Richard Herring – What Is Love Anyway? Review

November 17, 2011 9:41 am

Owain Paciuszko

Arts

no comments

Rating: ★★★★★

Richard Herring’s parents met when they were 13 years old and have been together ever since, it was because of this the young Richard Herring strongly believed in love, the kind of love where you are destined to meet one person who will be the love of your life and you will stay with them forever.

However, life soon proved this to be somewhat untrue and, a string of failed relationships later, Richard Herring ponders the show’s titular question and sets out to ‘destroy love’. Of course, Herring is looking back upon this from a perspective of current romantic happiness, he’s been in a relationship for four years and all’s going well, aside from his annual Ferrero Rocher shopping, but more on that later. This show also spring-boarded from a concept Herring posed towards the end of his last show – a second-coming revival of Christ On A Bike – where he compared a belief in love to a belief in God, both are essentially imaginary made up things that nobody can really prove exists beyond people saying they ‘strongly feel that they are real’, and it struck Herring as strange that his audience who, for the most part, thoroughly enjoyed laughing at people’s faith in a mystical bearded deity but when it came to poking fun at the idea of love and, indeed, the idea of love being just as hokey as, say, Christianity, the audience became quiet and a little uncomfortable. It’s love, right, love’s definitely real?

Here Herring delves deeply into his personal life and family history in such a disarmingly honest and confessional way that there are moments of startlingly awkward honesty and profound reflection that you feel you’ve been invited to eavesdrop on a very intimate discussion, as Herring dismantles and analyses his past relationships and his own perspective on relationships there’s much that is utterly relatable and seemingly often unsaid. His reading, and criticism, of a poem he wrote called ‘Tom’s Life’ about a young guy he met whilst camping who lost his virginity aged 14 and was currently bedding a string of girls is a funny look at Herring’s then high and mighty ideals of what love was, and Herring is the first to indicate that perhaps young Herring was actually wishing he had Tom’s life; which, to be fair, years later he did.

These insights and anecdotes are a familiar part of Herring’s act, but here he has perfected the art, with a dissection of the questionable Valentine’s card that brought his parents together and a perfectly uncomfortable and hilarious account of his relationship with the actress Julia Sawala (which was foreshadowed by a perhaps unhealthy obsession with the show Press Gang and then a sketch of Stewart Lee and Richard Herring’s cult BBC2 series Fist Of Fun in which Herring had a shrine to Sawala).

It’s not all about Herring’s failings in romance, a masterful set-piece based around the aforementioned Ferrero Rocher combines many of Herring’s comedic strengths, such as drawing things out to an anally logical conclusion and a taste for school-boyish puerility matched with obsessive listing (here mathematical multiples as opposed to Christ On A Bike’s impressive recitation of the ‘begats’), whilst a closing routine based around his grandmother starting to date again at 80 years old is both heartfelt, bittersweet, beautifully sad and uplifting and also very, very funny and a perfect way to close the show.

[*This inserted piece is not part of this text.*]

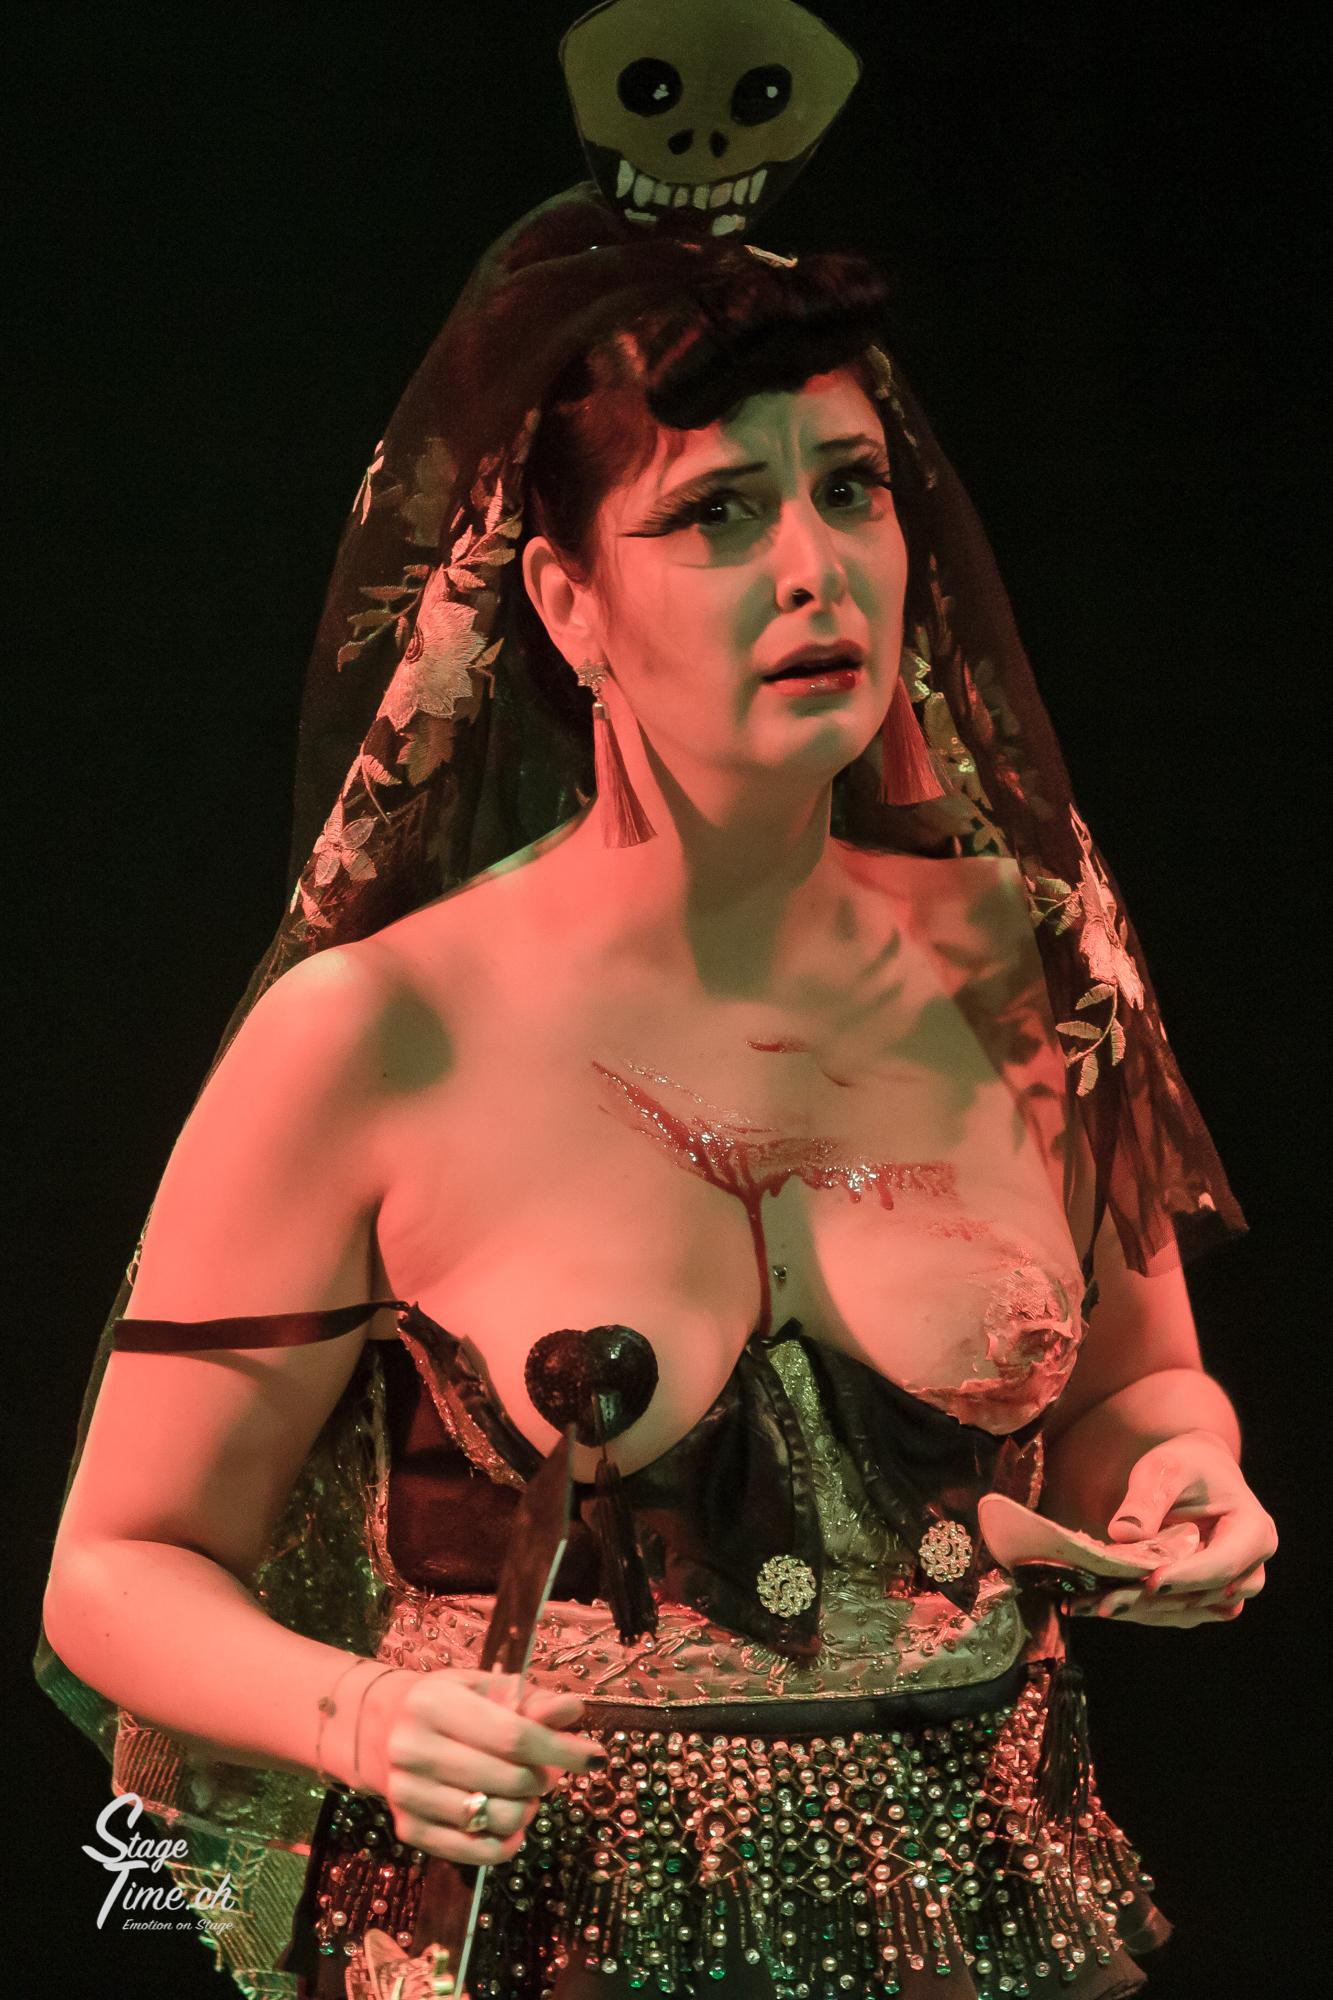 Miss_Harley_Queen___Burlesque_Show_au__C
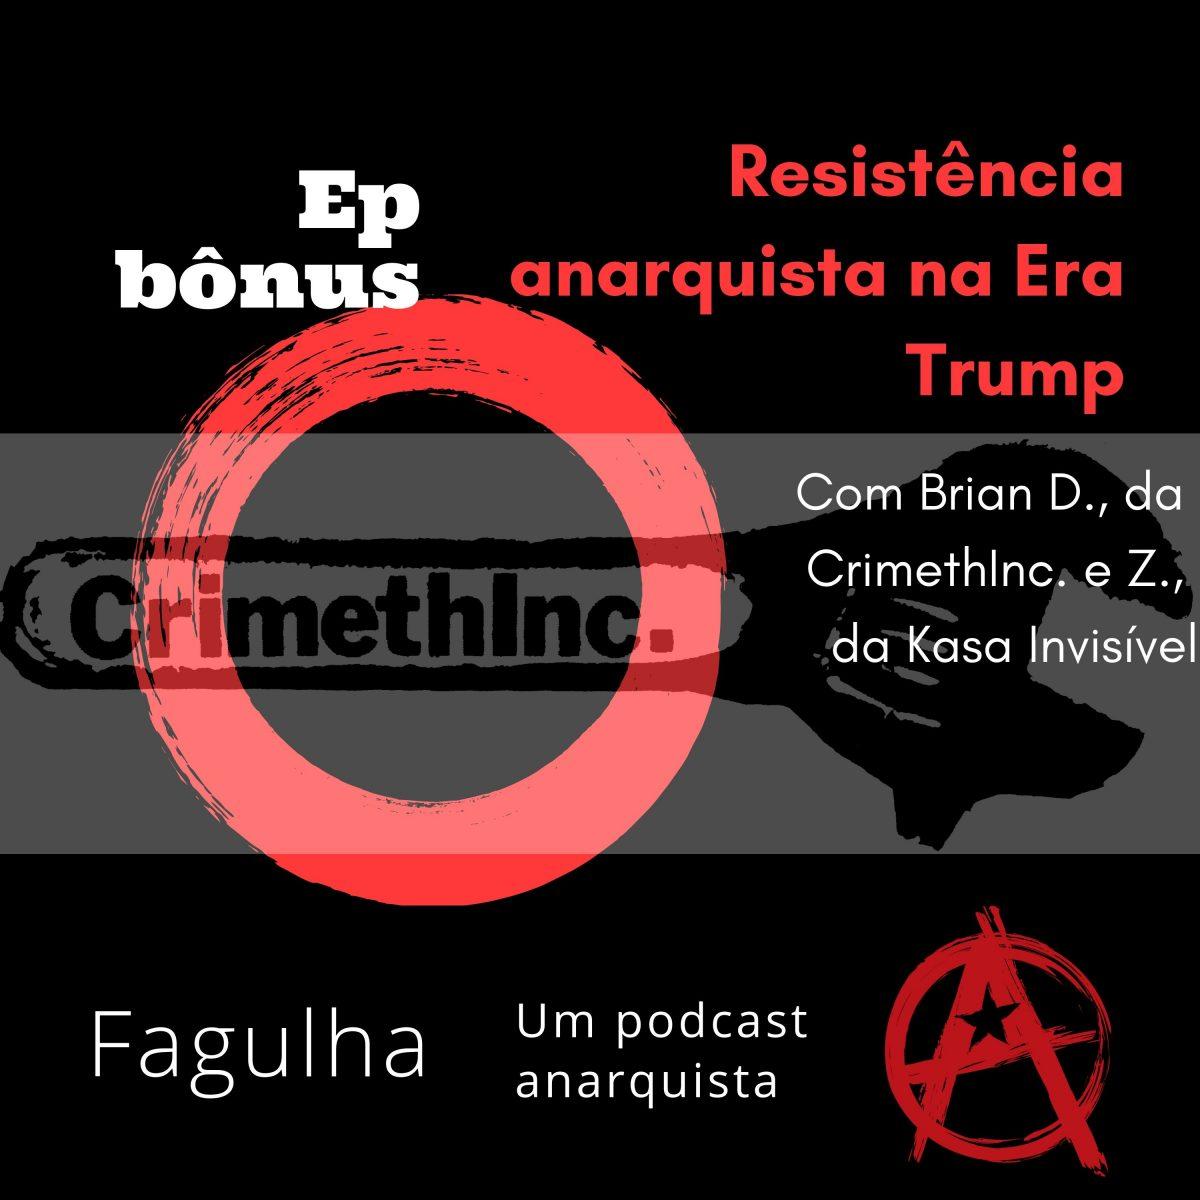 Bônus: Resistência anarquista na Era Trump

Of the four stand-up shows of Herring’s I’ve seen this is by far the finest, moreso than any of the others it takes a universal theme and explores it in a way that is both deeply personal and completely accessible, though Herring’s stories about his – and his families – relationships are completely autobiographical there is so much that is, often worryingly, relatable and at times you feel like you’re up on stage confessing your heart out as much as Herring is. Whilst this perspective may make the performance sound perhaps somewhat serious, and the questions at the heart of Herring’s work often are which is part of their appeal, it is also one of the funniest, silliest and most joyful stand-up shows I have ever seen.